## Stored data
————————
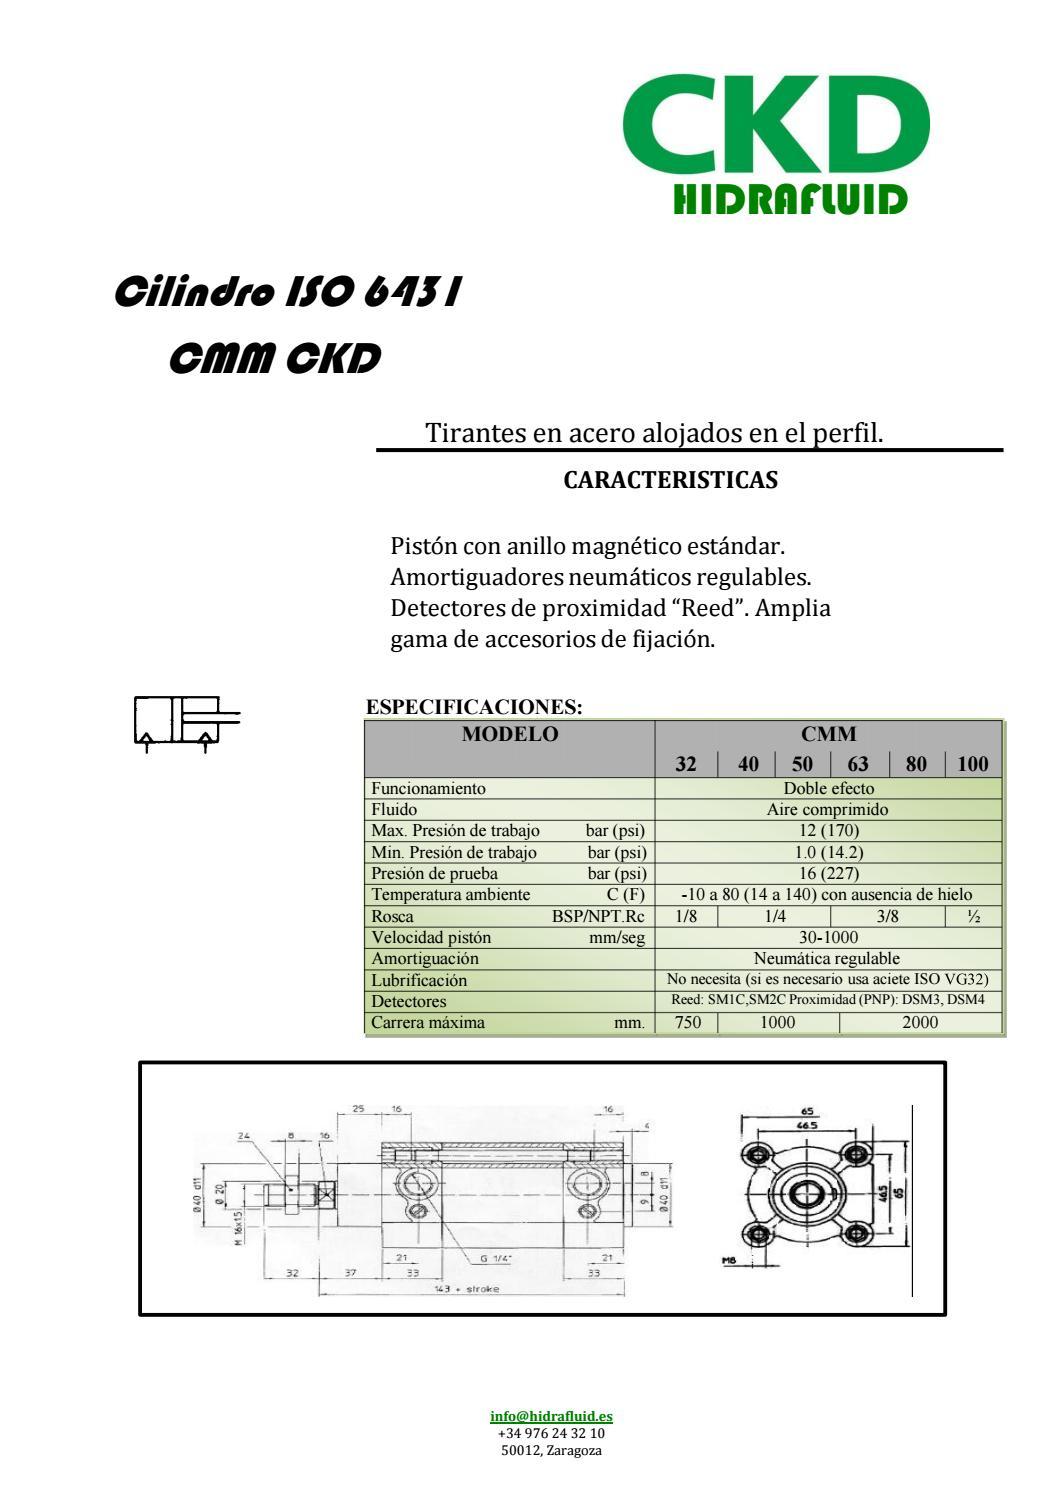 CILINDRO CMM CKD by hidrafluid - issuu
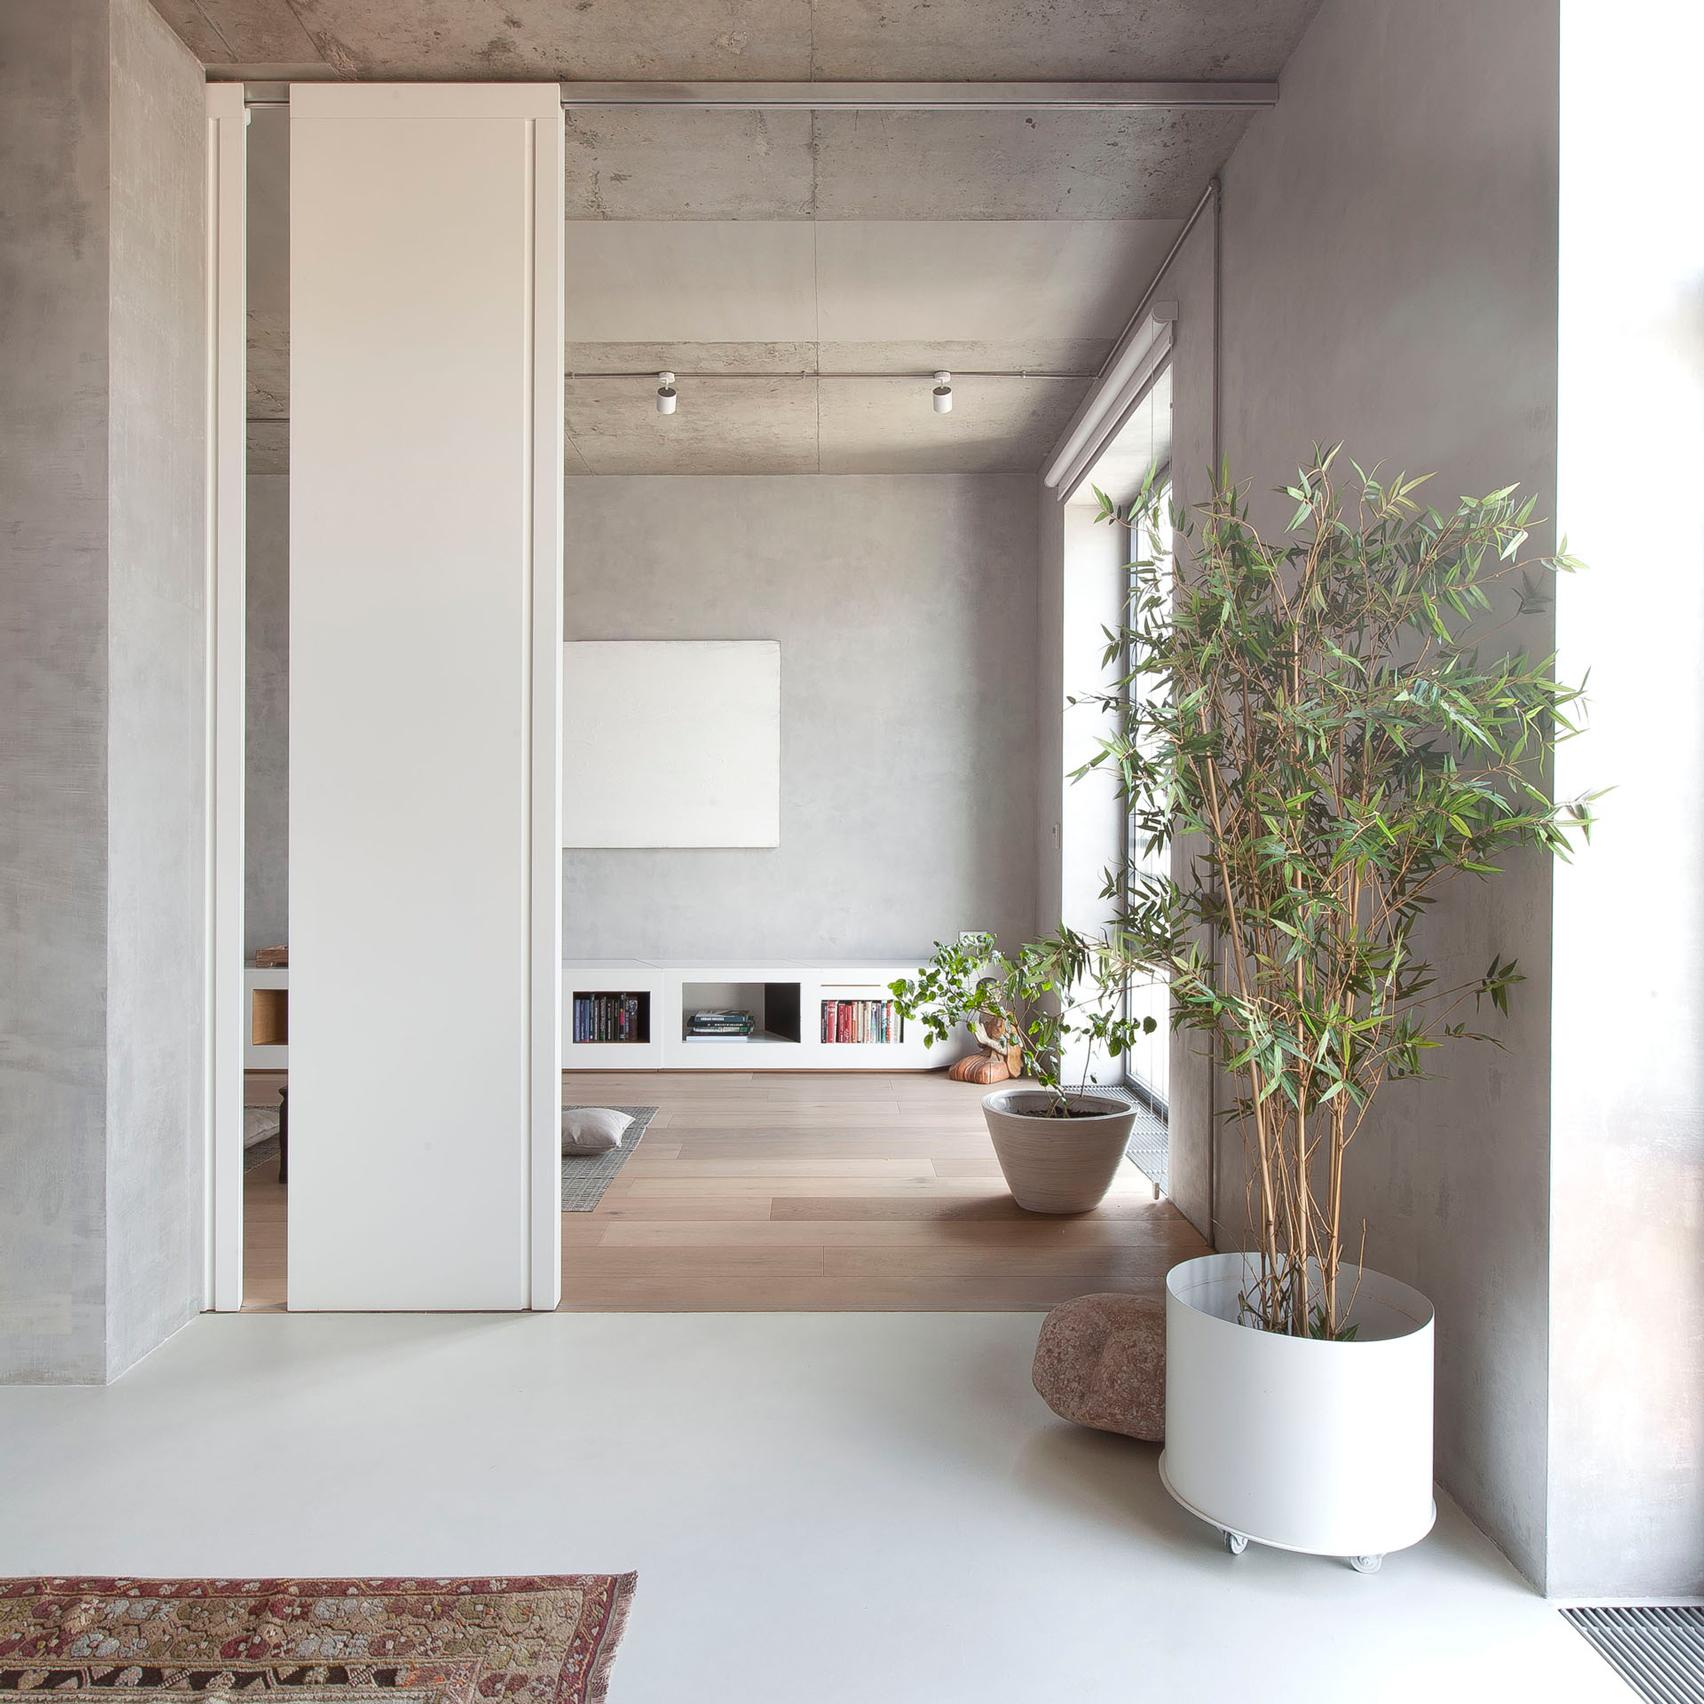 Japanese Interiors 10 Japanesethemed Interiors From Dezeen's Pinterest Boards
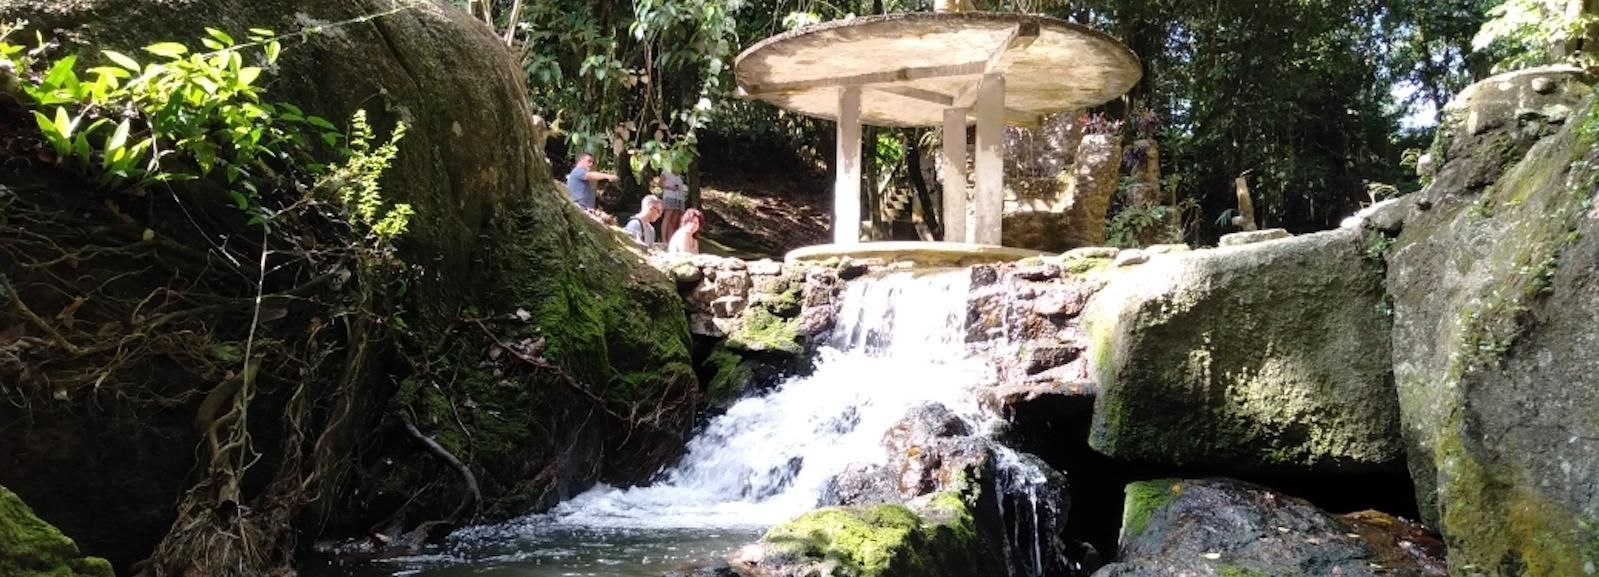 Koh Samui: point de vue et trek au Secret Buddha Garden
————————
## Activity
Without including any picture, set down every line above exactly as it stands.

## Written response
 CILINDRO CMM CKD by hidrafluid - issuu
 Japanese Interiors 10 Japanesethemed Interiors From Dezeen's Pinterest Boards
 Koh Samui: point de vue et trek au Secret Buddha Garden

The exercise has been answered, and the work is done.